El amparo en la Constitución y el Código del Trabajo

El marco de protección inicia en la Constitución de la República del Ecuador, específicamente en su artículo 332, el cual garantiza el respeto a los derechos reproductivos de las personas trabajadoras. Este artículo prohíbe explícitamente el despido de la mujer trabajadora asociado a su condición de gestación y maternidad, así como cualquier tipo de discriminación vinculada con sus roles reproductivos. Asimismo, el artículo 43 del mismo cuerpo legal obliga al Estado a garantizar que las mujeres embarazadas o en periodo de lactancia no sufran discriminación en el ámbito laboral, educativo ni social.

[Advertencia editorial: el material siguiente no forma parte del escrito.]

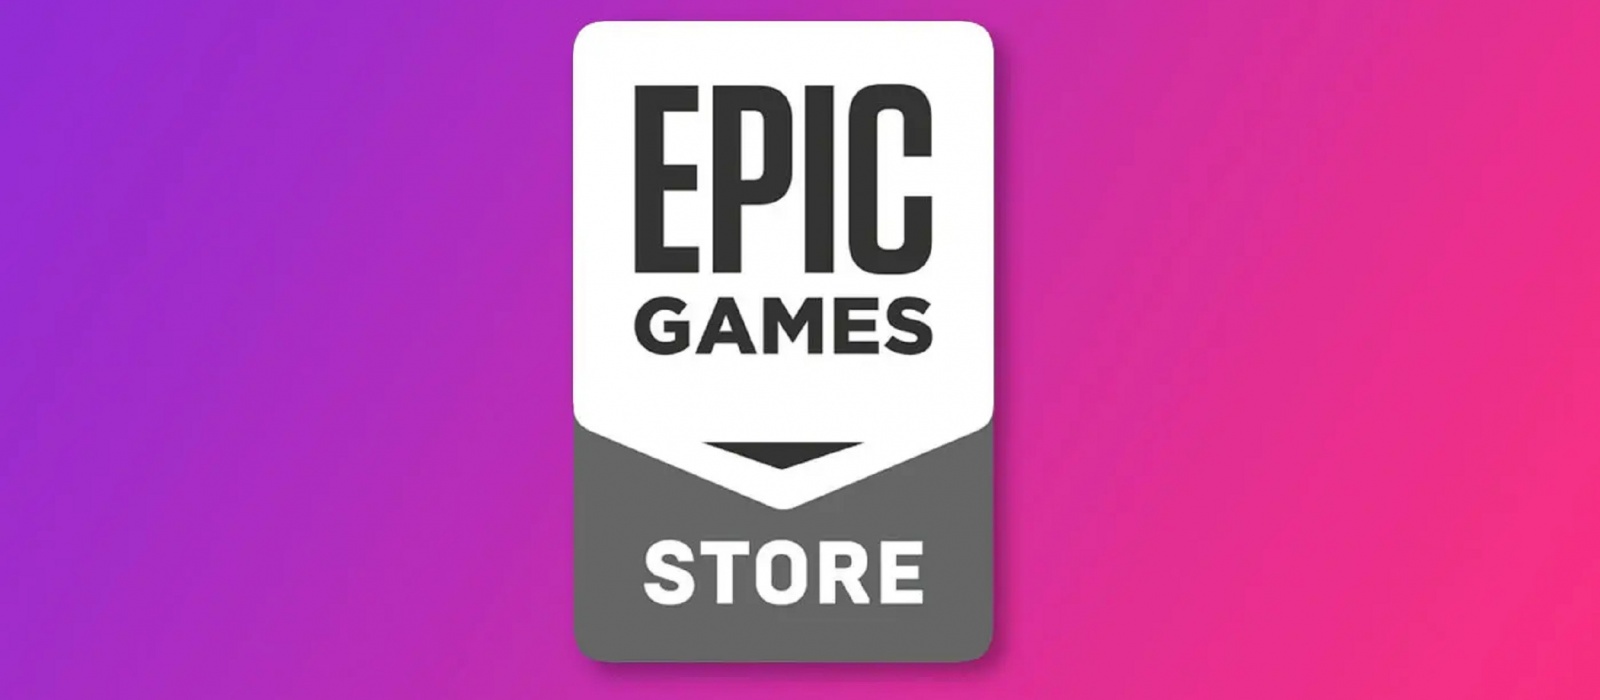 Epic тег. Вабом геймс. Epic games Store icon. Футболка фирма Epic games. More developers.

Por su parte, el Código del Trabajo aterriza estos principios constitucionales en garantías procesales. En su artículo 153, la normativa establece claramente que no se podrá dar por terminado el contrato de trabajo por causa del embarazo de mujeres trabajadoras. Además, prohíbe al empleador reemplazarla de forma definitiva durante el periodo de licencia por maternidad. A esto se suma el artículo 152, que asegura el derecho a una licencia remunerada de doce semanas (con un porcentaje asumido por el IESS y otro por el empleador), garantizando el cuidado del recién nacido sin que la madre pierda su ingreso económico.

La figura del despido ineficaz y sus sanciones

Cuando un empleador vulnera estas disposiciones y procede a desvincular a una o más mujeres trabajadoras en estado de gestación, se activa la figura del despido ineficaz, amparada en el artículo 195.1 del Código del Trabajo. Si una mujer embarazada es separada de su cargo, puede acudir ante un juez laboral. Si la autoridad judicial declara la ineficacia del despido, el empleador está obligado a ordenar el reintegro inmediato de la trabajadora a su puesto, debiendo además cancelar las remuneraciones pendientes con un recargo del 10%.

En caso de que la trabajadora decida, por el ambiente hostil generado, no reincorporarse a la empresa, la ley establece una fuerte sanción para el empleador. Según el artículo 195.3, la mujer tendrá derecho a recibir las indemnizaciones correspondientes por despido intempestivo (determinadas por su tiempo de servicio), sumado a una sanción adicional equivalente a doce meses de su remuneración. Esta estricta indemnización funciona como un mecanismo disuasorio para erradicar la discriminación laboral y dotar a las futuras madres de un respaldo económico sólido frente a la pérdida repentina de su fuente de ingresos.